Creates transformer network for classification. Model can consist of several stacked attention blocks.
Usage
create_model_transformer(
maxlen,
vocabulary_size = 4,
embed_dim = 64,
pos_encoding = "embedding",
head_size = 4L,
num_heads = 5L,
ff_dim = 8,
dropout = 0,
n = 10000,
layer_dense = 2,
dropout_dense = NULL,
flatten_method = "flatten",
last_layer_activation = "softmax",
loss_fn = "categorical_crossentropy",
solver = "adam",
learning_rate = 0.01,
label_noise_matrix = NULL,
bal_acc = FALSE,
f1_metric = FALSE,
auc_metric = FALSE,
label_smoothing = 0,
verbose = TRUE,
model_seed = NULL,
mixed_precision = FALSE,
mirrored_strategy = NULL
)
Arguments
- maxlen
Length of predictor sequence.
- vocabulary_size
Number of unique character in vocabulary.
- embed_dim
Dimension for token embedding. No embedding if set to 0. Should be used when input is not one-hot encoded (integer sequence).
- pos_encoding
Either
"sinusoid"
or"embedding"
. How to add positional information. If"sinusoid"
, will add sine waves of different frequencies to input. If"embedding"

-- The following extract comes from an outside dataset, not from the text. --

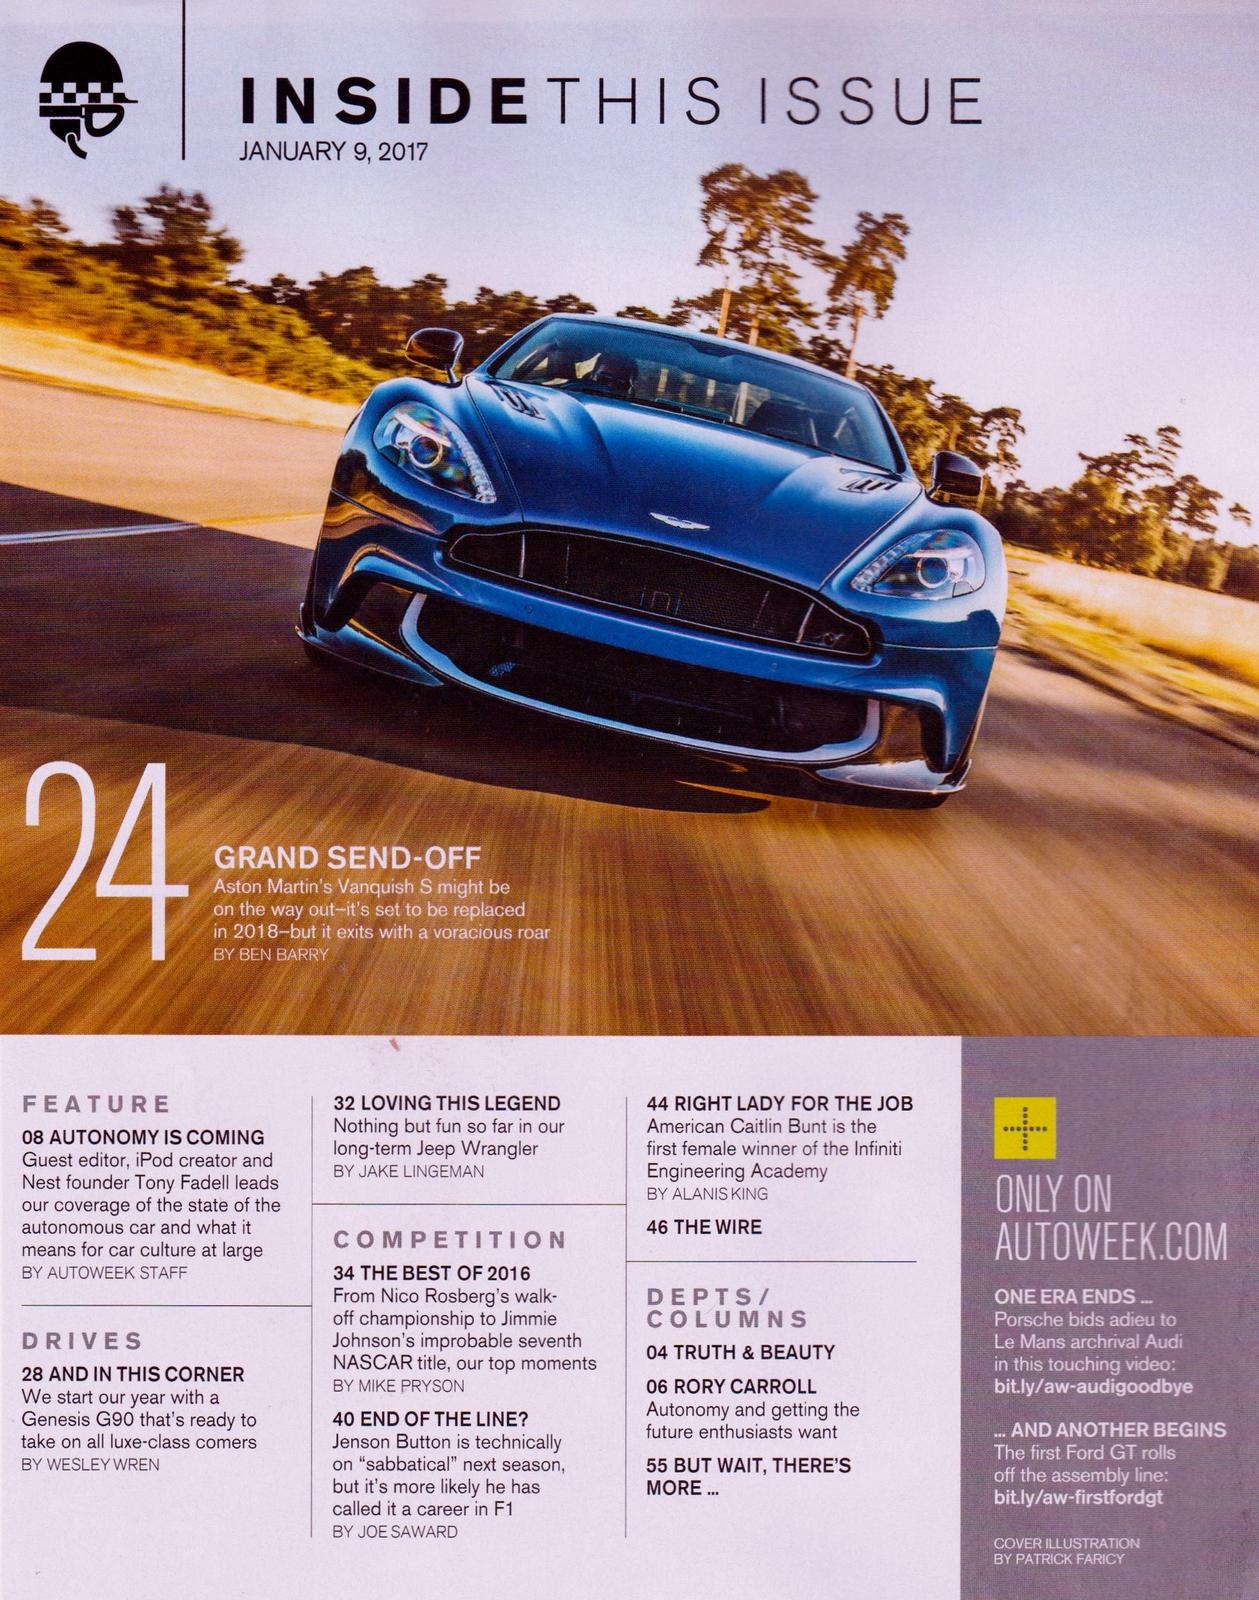 Autoweek January 9 2017 NEW, no label. Aston Martin's Vanquish S, Genesis G90

, model learns positional embedding.- head_size
Dimensions of attention key.
- num_heads
Number of attention heads.
- ff_dim
Units of first dense layer after attention blocks.
- dropout
Vector of dropout rates after attention block(s).
- n
Frequency of sine waves for positional encoding. Only applied if
pos_encoding = "sinusoid"
.- layer_dense
Vector specifying number of neurons per dense layer after last LSTM or CNN layer (if no LSTM used).
- dropout_dense
Dropout for dense layers.
- flatten_method
How to process output of last attention block. Can be
"max_ch_first"
,"max_ch_last"
,"average_ch_first"
,"average_ch_last"
,"both_ch_first"
,"both_ch_last"
,"all"
,"none"
or"flatten"
. If"average_ch_last"
/"max_ch_last"
or"average_ch_first"
/"max_ch_first"
, will apply global average/max pooling._ch_first
/_ch_last
to decide along which axis."both_ch_first"
/"both_ch_last"
to use max and average together."all"
to use all 4 global pooling options together. If"flatten"
, will flatten output after last attention block. If"none"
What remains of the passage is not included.